> _AVAILABLE DATA_
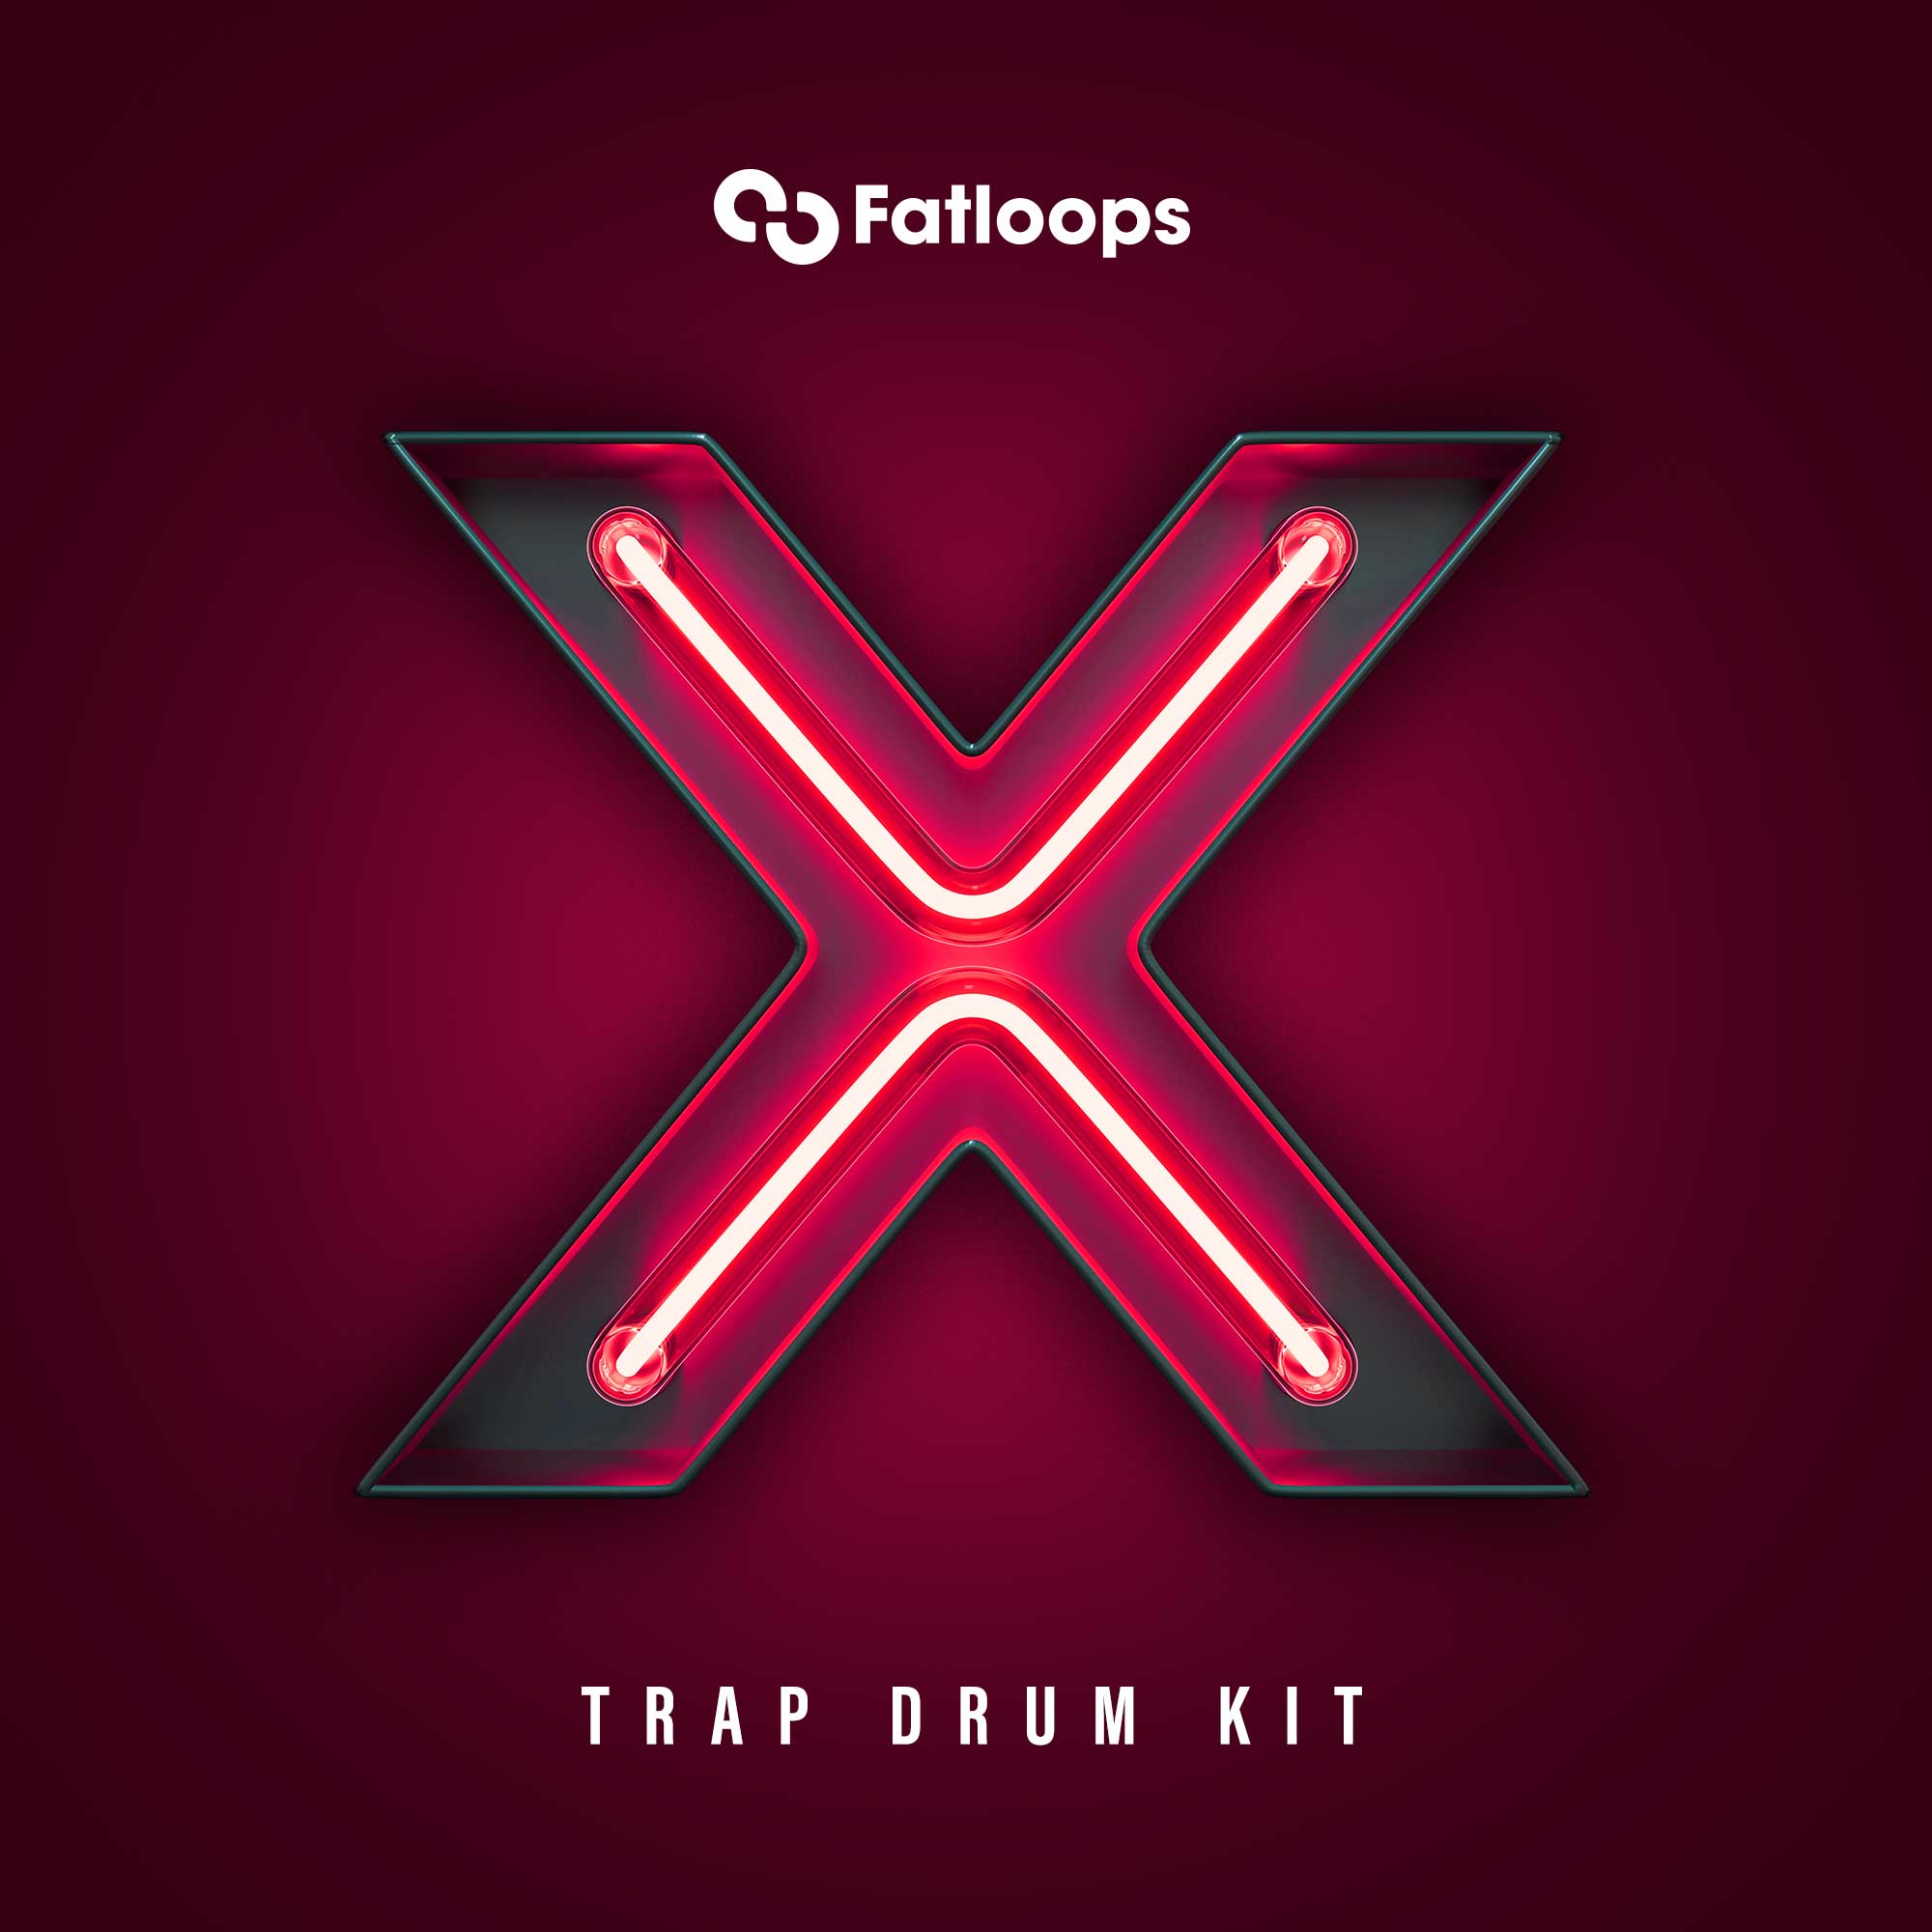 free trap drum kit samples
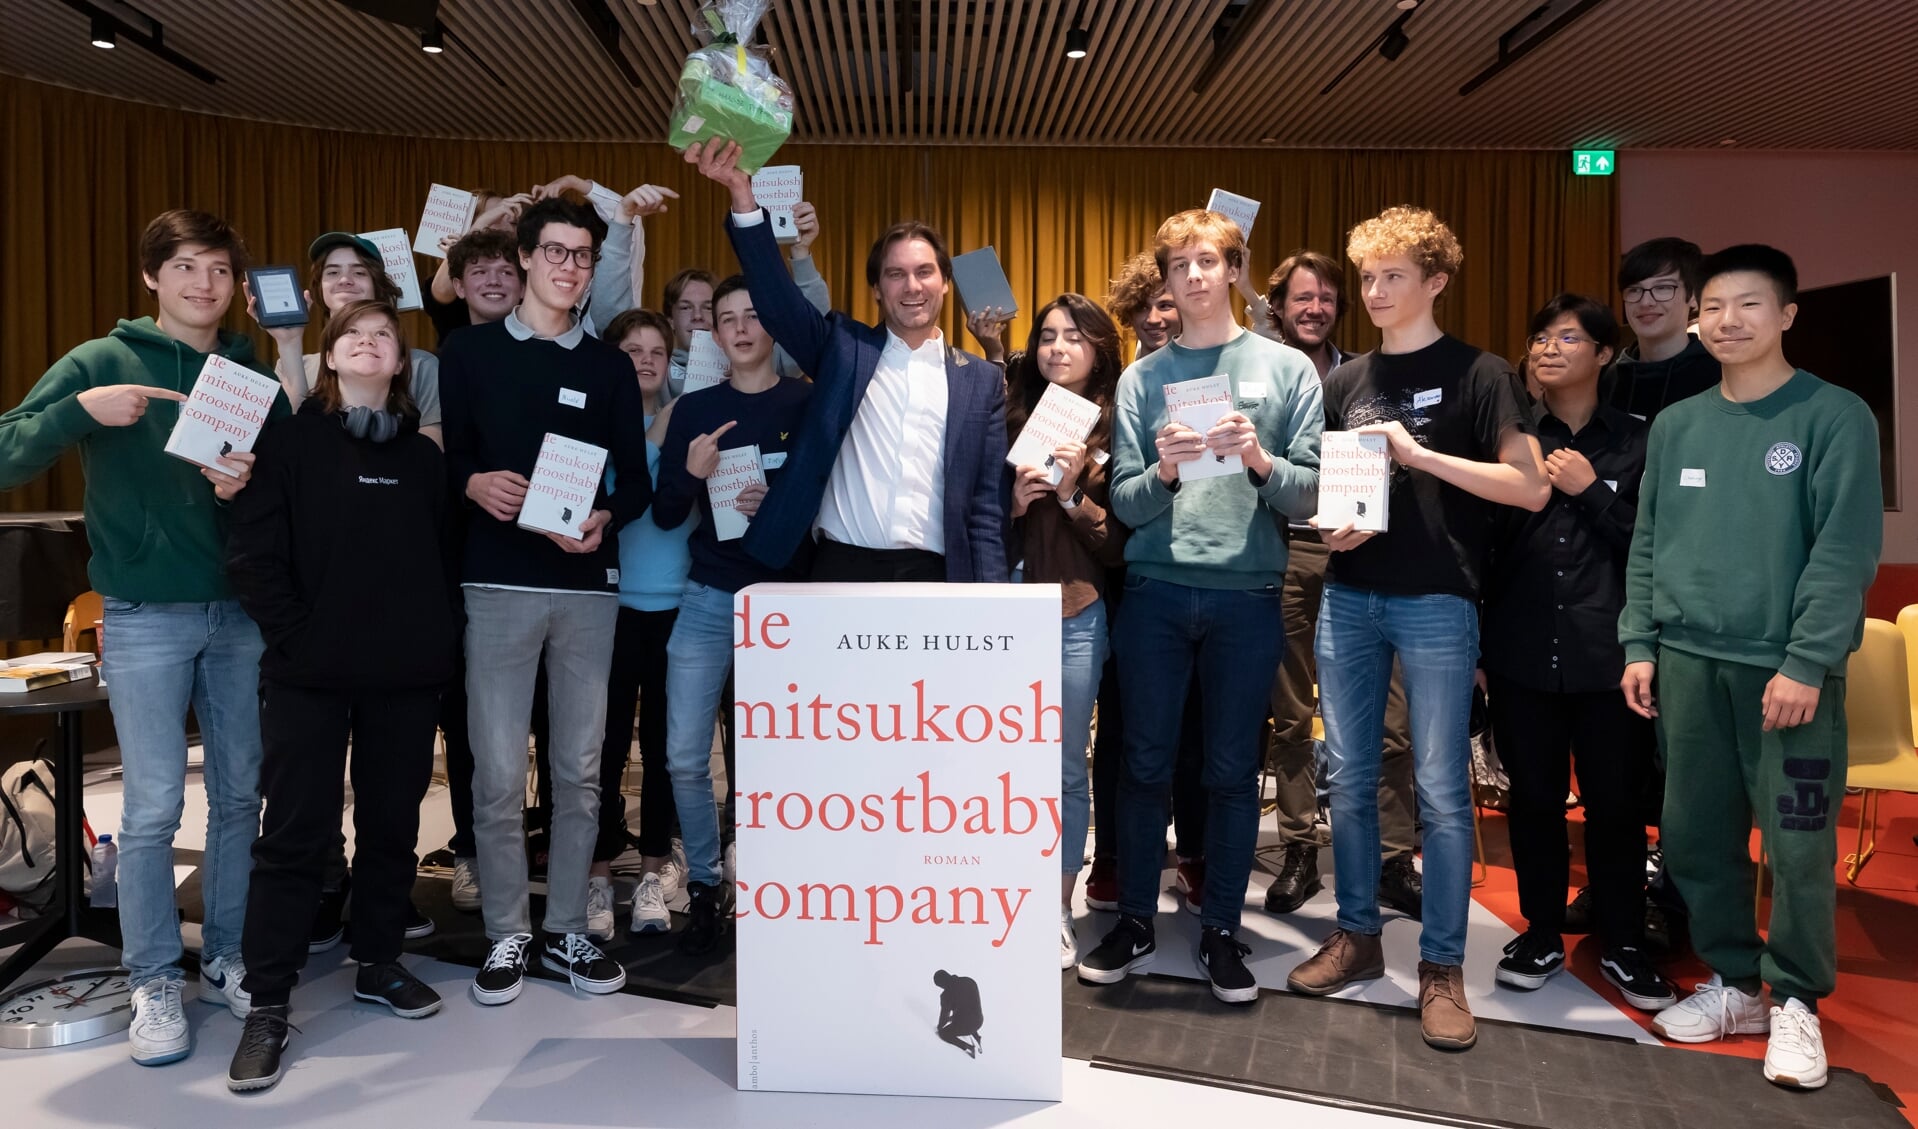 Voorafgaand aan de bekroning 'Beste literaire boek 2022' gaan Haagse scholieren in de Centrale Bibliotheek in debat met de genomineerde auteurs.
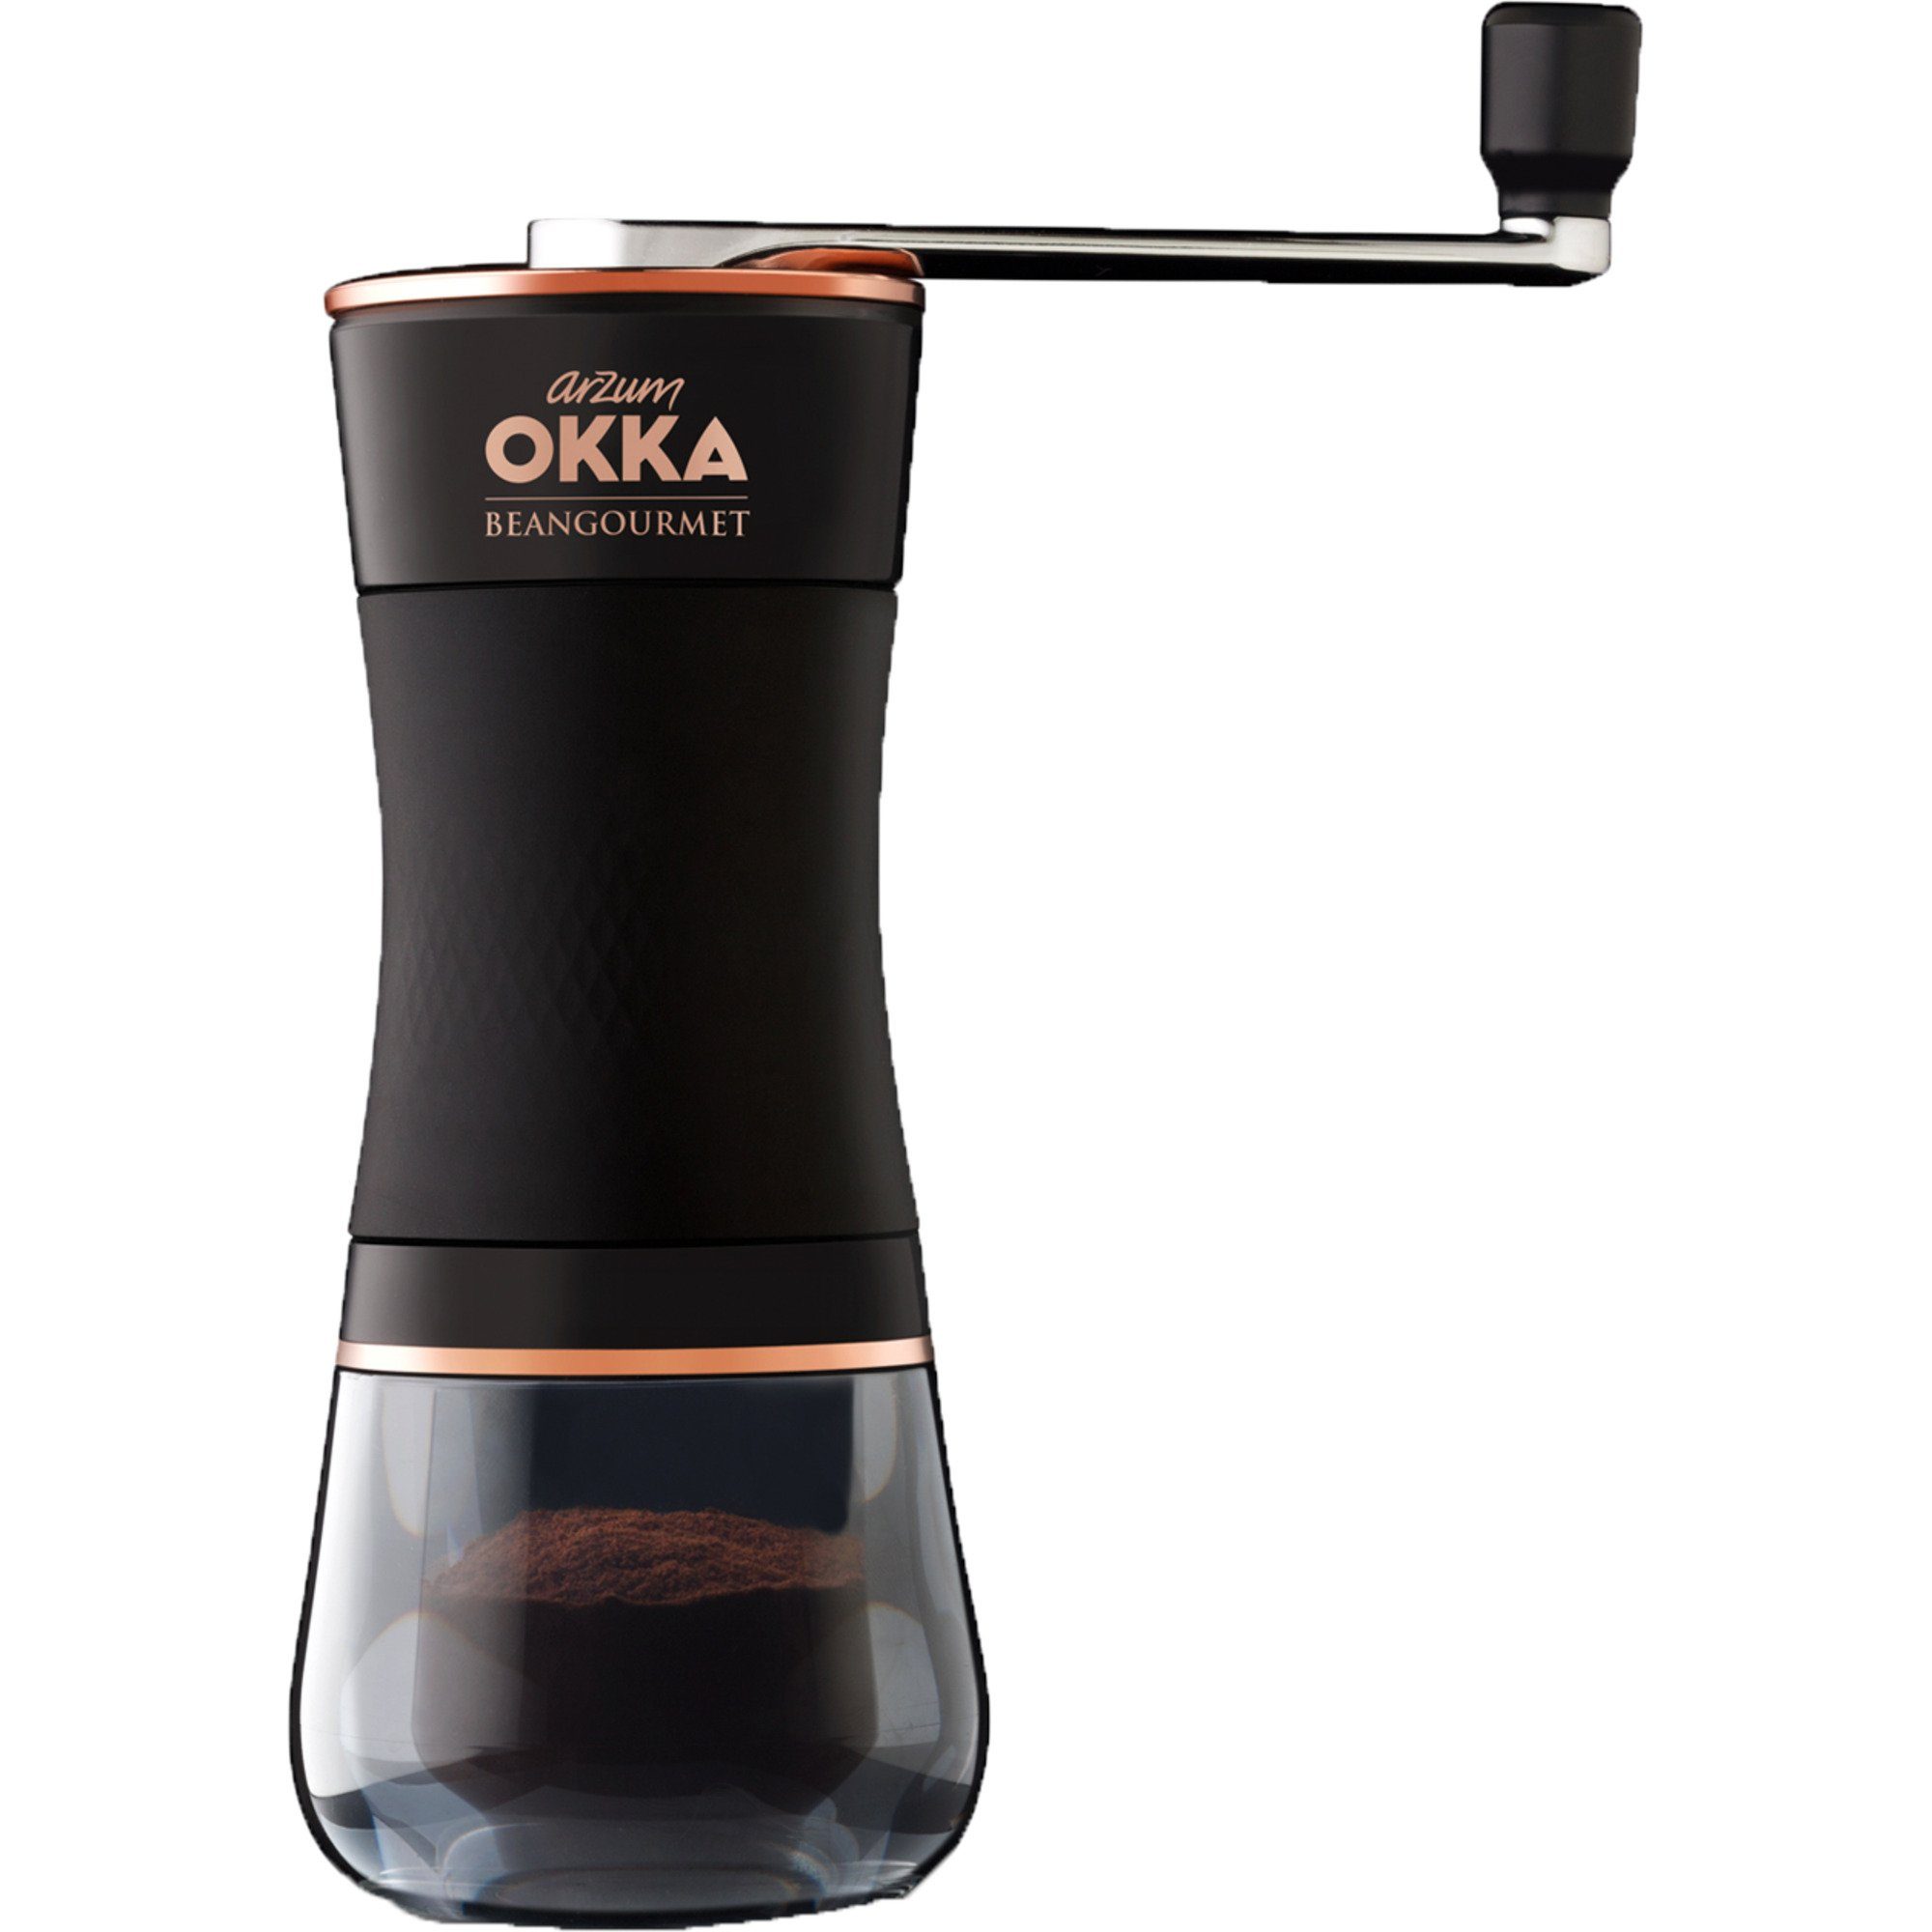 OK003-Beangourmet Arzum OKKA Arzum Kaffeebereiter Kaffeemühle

> _TASK TO COMPLETE_
Write the material above out again exactly as it reads, but don't carry over the pictures.

> _EXERCISE RESULT_
 free trap drum kit samples
 Voorafgaand aan de bekroning 'Beste literaire boek 2022' gaan Haagse scholieren in de Centrale Bibliotheek in debat met de genomineerde auteurs.
 OK003-Beangourmet Arzum OKKA Arzum Kaffeebereiter Kaffeemühle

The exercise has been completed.